***** Source data

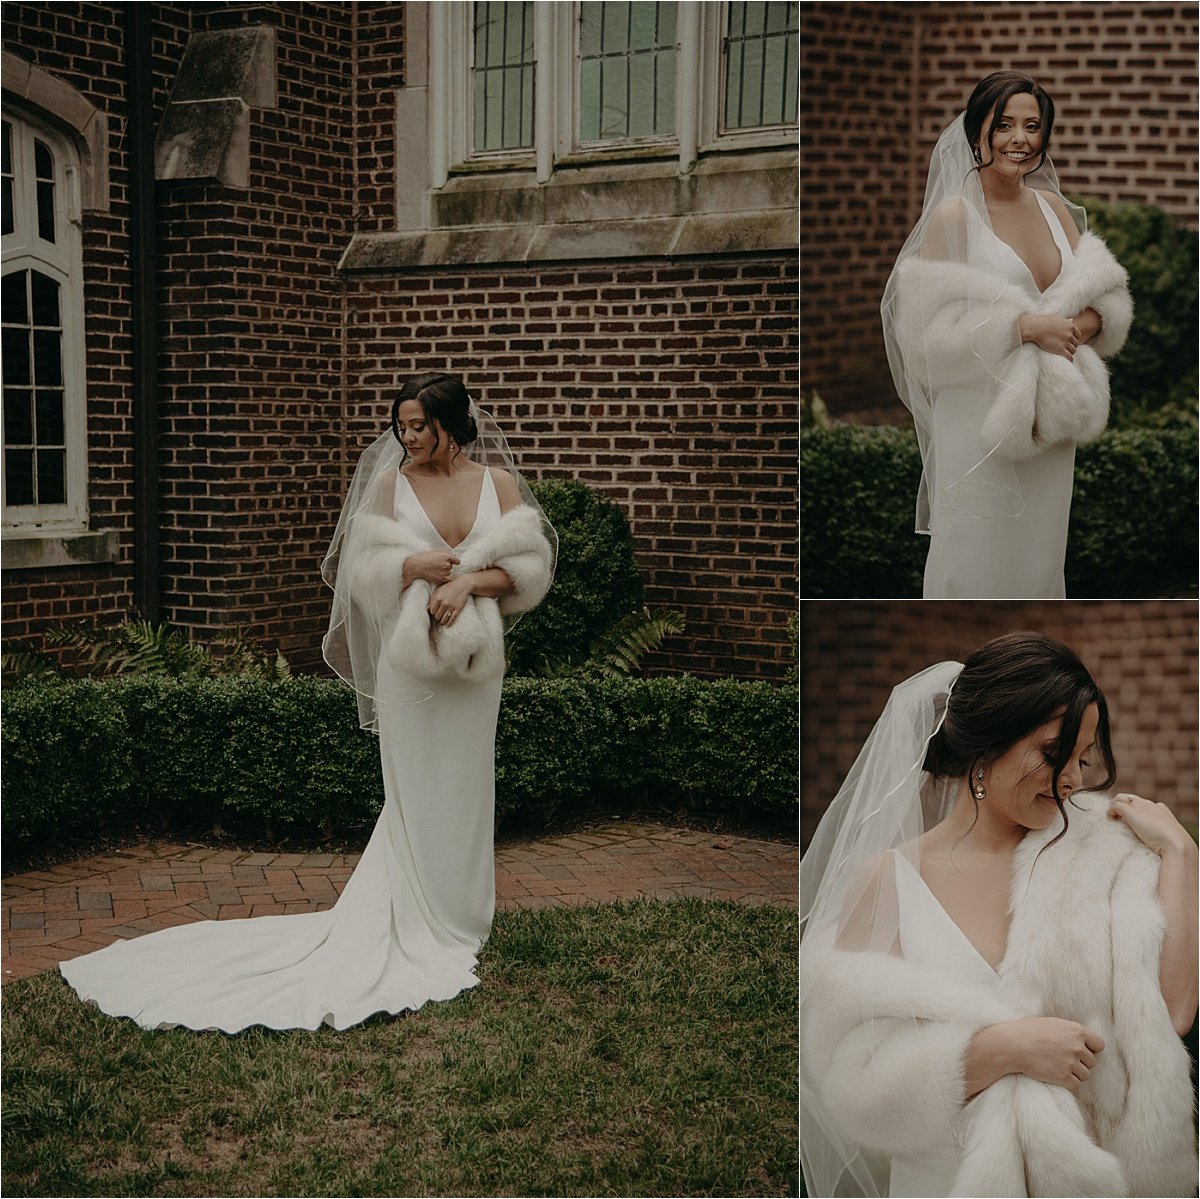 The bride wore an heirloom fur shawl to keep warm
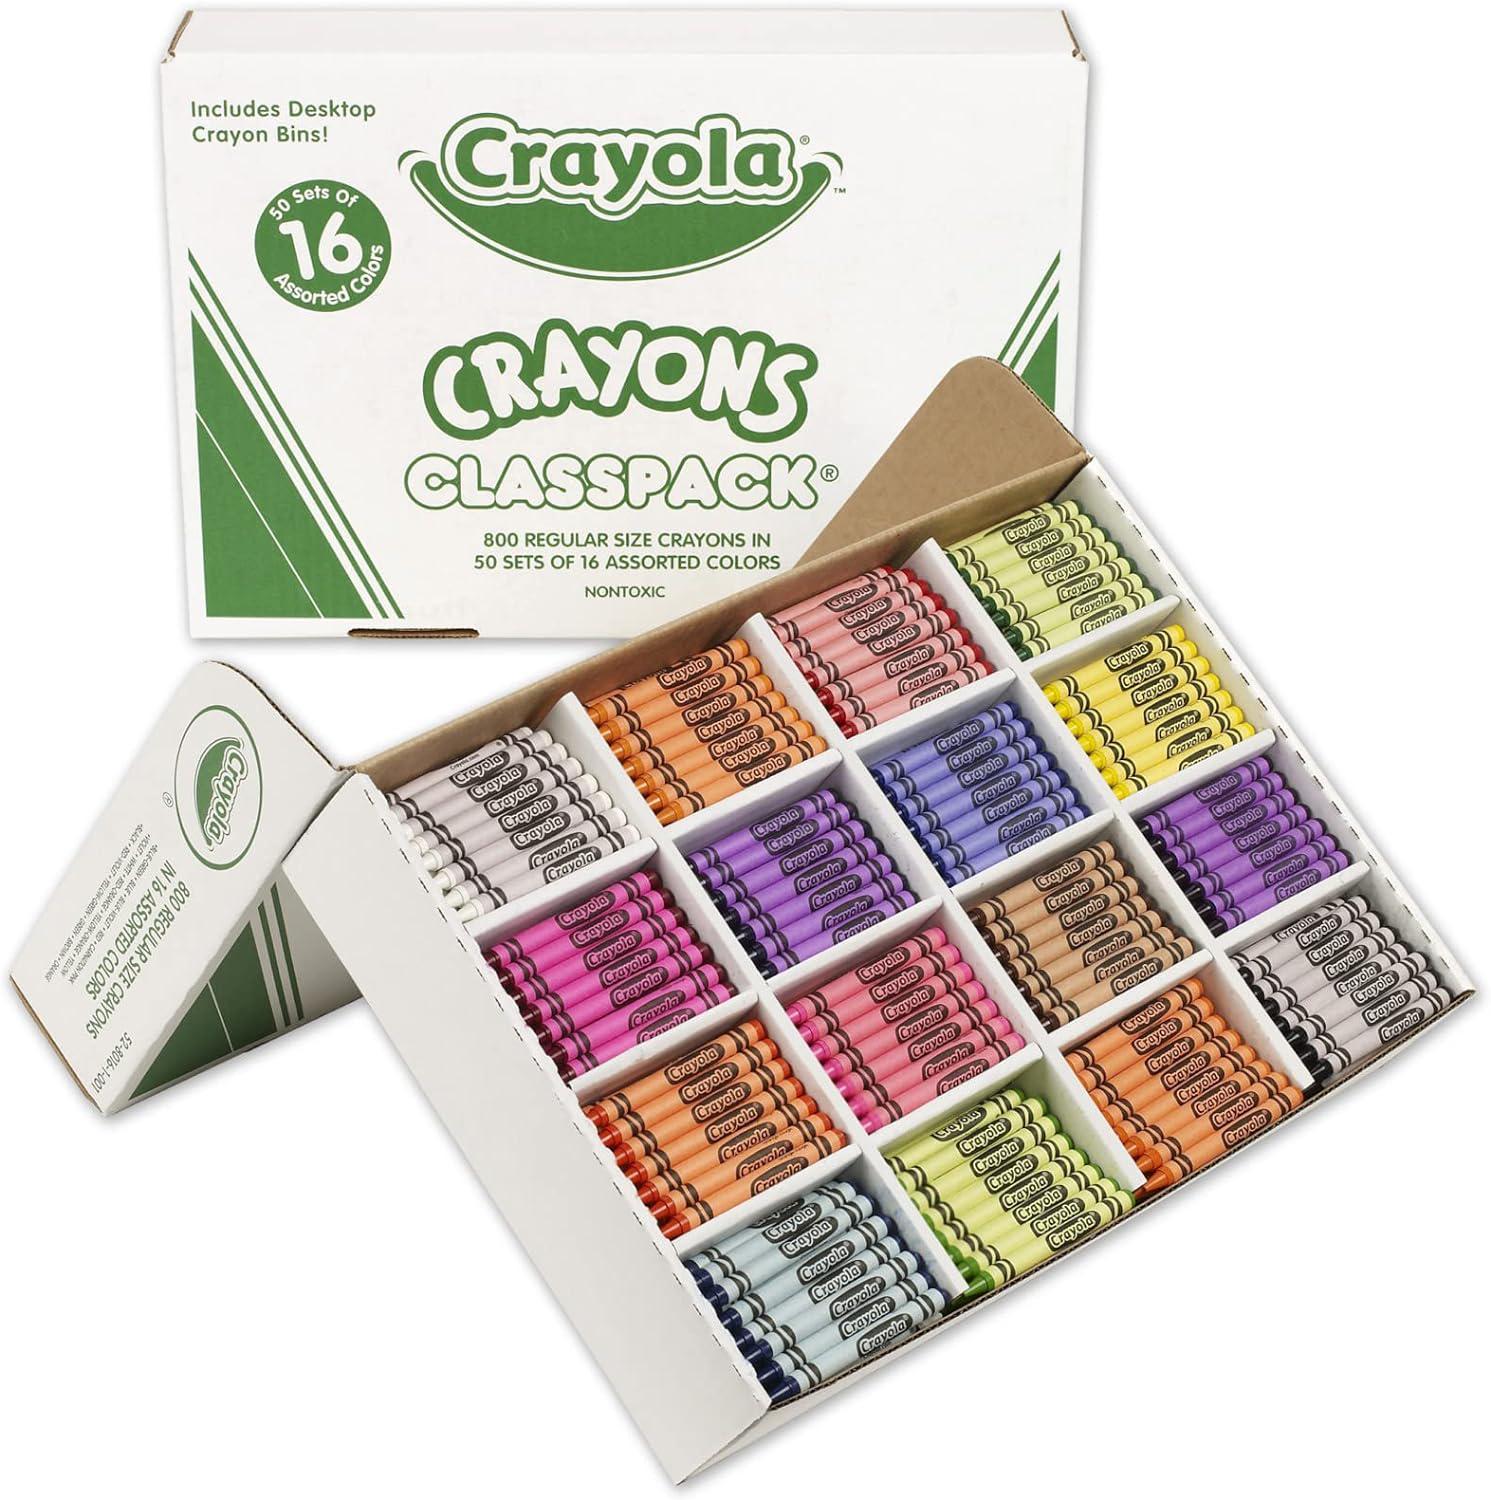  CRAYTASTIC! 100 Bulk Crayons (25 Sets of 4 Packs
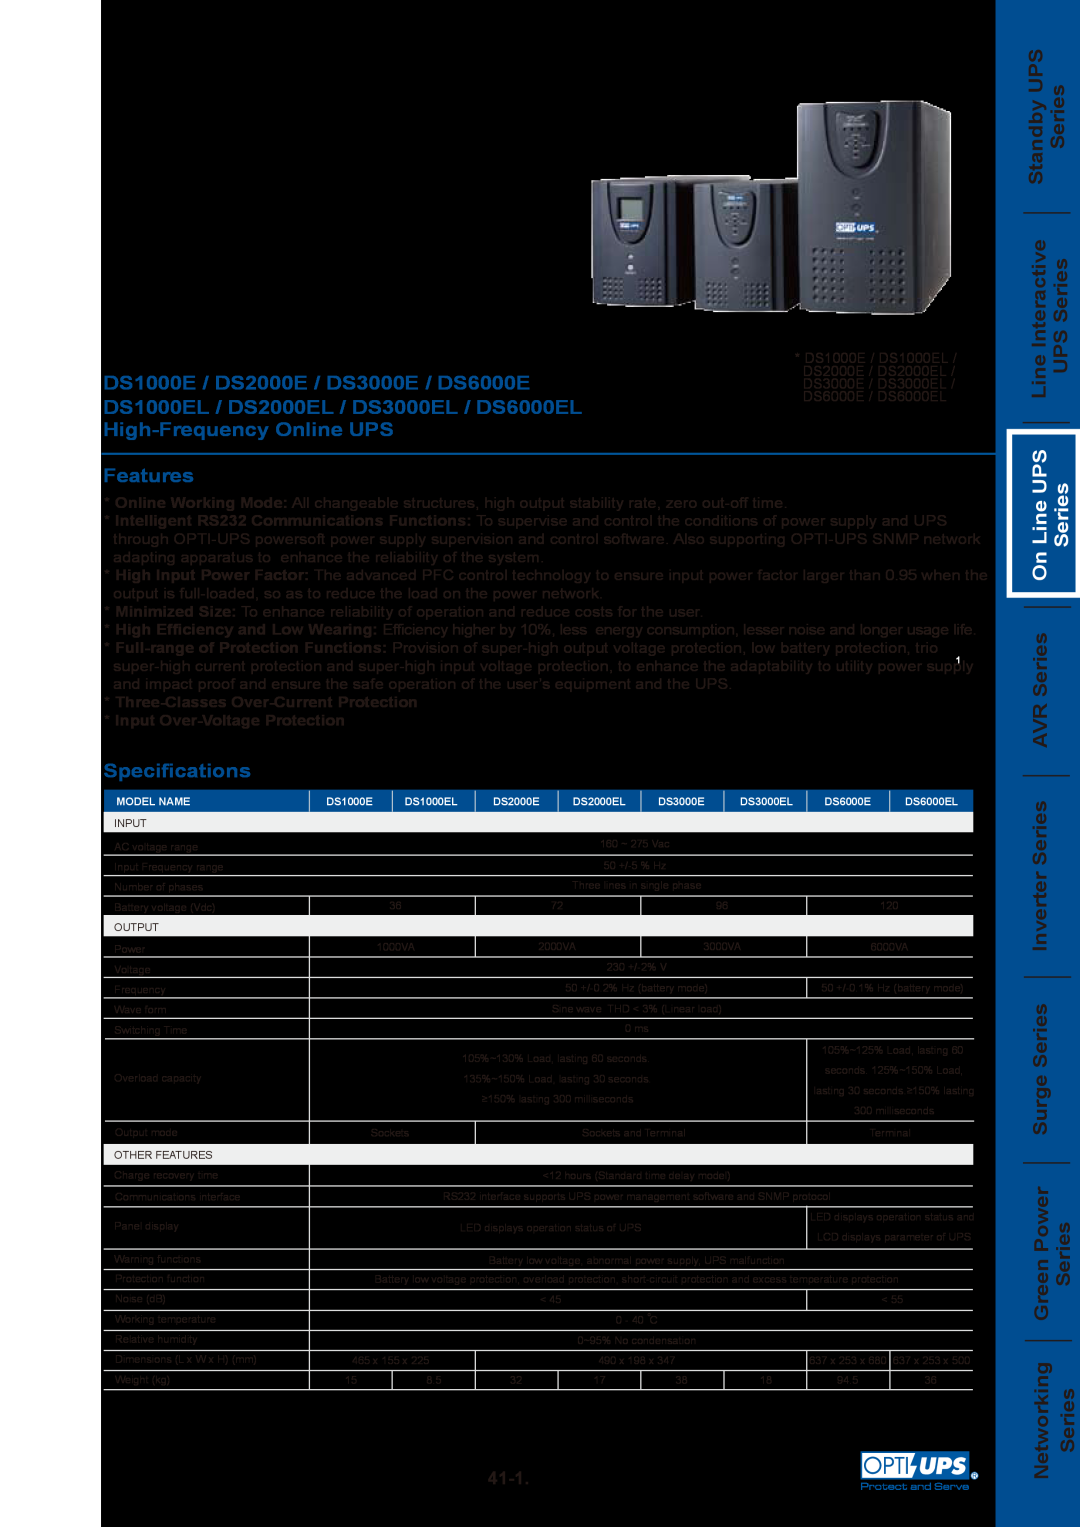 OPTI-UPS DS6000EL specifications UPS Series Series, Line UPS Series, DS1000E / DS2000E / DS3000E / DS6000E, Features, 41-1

**********

Assignment
The line with "CRAYTASTIC! 100 Bulk" and each line after it, through the final line of the data, are to be duplicated exactly, with pictures left out and nothing more included.

Exercise answer
  CRAYTASTIC! 100 Bulk Crayons (25 Sets of 4 Packs
 OPTI-UPS DS6000EL specifications UPS Series Series, Line UPS Series, DS1000E / DS2000E / DS3000E / DS6000E, Features, 41-1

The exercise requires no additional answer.